Abstract
Le malformazioni artero-venose (MAV o angiomi) cerebrali rappresentano una patologia rara: 1.5–2 casi/100.000 / anno. Non vi sono dati certi sulla ereditarietà, sono stati descritti casi di incidenza familiare.
Alla diagnosi di angioma cerebrale si giunge precocemente nella vita, dato che la maggioranza dei pazienti con MAV ha età compresa tra 20 e 40 anni.
La presentazione clinica più frequente è costituita dall'emorragia intracranica, più spesso intraparenchimale o intraventricolare, e raramente subaracnoidea. Sintomi meno frequenti sono costituiti dall'epilessia, dalla cefalea, da un deficit neurologico progressivo. Tra gli altri sistemi di esordio, lo scompenso cardiaco è una manifestazione comune per angiomi di grosse dimensioni in etè infantile.
La presenza di uno o più aneurismi associati ad una MAV intracranica non è infrequente. È stata proposta una classificazione in 4 tipi degli aneurismi associati a MAV: 1) aneurisma displasico (in sede non dipendente dalla MAV); 2) aneurisma prossimale (sul circolo di Willis, prossimale alla MAV); 3) aneurisma peduncolare (su un peduncolo vasale afferente alla MAV); 4) aneurisma intranidale.
La scomparsa completa dell'angioma è un evento raro, con un totale di 65 casi documentati nella letteratura di lingua inglese al momento attuale. La teoria meglio documentata (attraverso studi seriati con risonanza) è la progressiva trombosi dell'unico scarico venoso.
Ai fini del trattamento, l'aspetto più importante da valutare in un paziente con angioma cerebrale dovrebbe essere la probabilità di sanguinamento dell'angioma stesso; in altre parole, se fosse possibile stabilire un basso rischio di emorragia per un dato angioma, non sarebbe giustificato sottoporre il paziente ad un trattamento che comporti rischi più elevati.
I due fattori anatomici più significativi per presentazione emorragica sono lo scarico venoso profondo e la stenosi venosa.
Il rischio annuo di emorragia rimane un dato fondamentale per una decisione terapeutica.

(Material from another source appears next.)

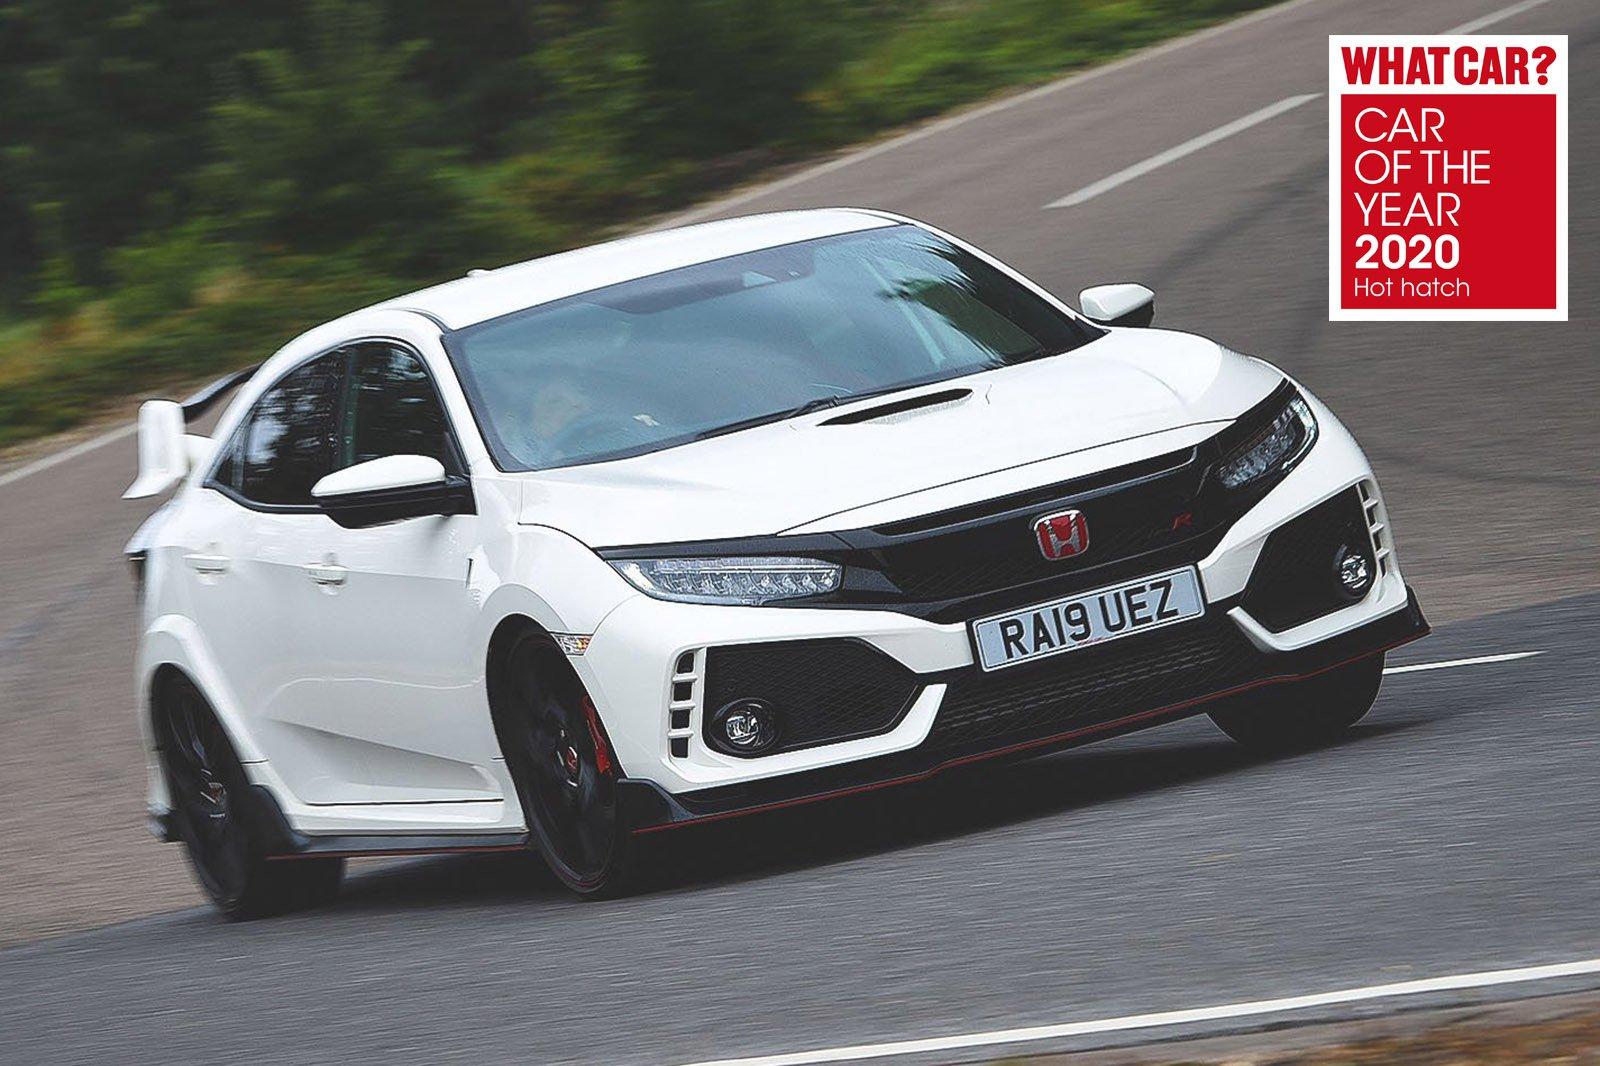 Honda Civic Type R with What Car? Awards logo

I dati più attendibili derivano da studi - prospettici o retrospettivi - condotti su larghe serie cliniche e con follow-up prolungato nel tempo. Da questi studi si ricava un rischio annuo di emorragia variabile: a) dal 1.7 al 4% per angiomi intatti al momento della diagnosi, e b) dal 2 al 3.9% per angiomi con pregressa emorragia.
In un recente lavoro presentato dal nostro gruppo nel 1995 il rischio annuo di prima emorragia si attesta intorno al 2.8%, il rischio di seconda emorragia intorno al 3.5%, il rischio di terza emorragia intorno al 7.7%, ed il rischio annuo di morte rispettivamente intorno all '1.2%, 1.6% e 3%; si è notata una tendenza ad un maggior rischio di emorragia nelle MAV di volume superiore ai 20 cm3 e nelle MAV con drenaggio venoso estensivo.
L'istituzione di uno studio cooperativo internazionale - con una componente retrospettiva e prospettica valutata con criteri omogenei nei differenti centri - porterebbe sicuramente ad una migliore definizione del rischio di emorragia e ad una più adeguata scelta terapeutica nei pazienti con angiomi cerebrali.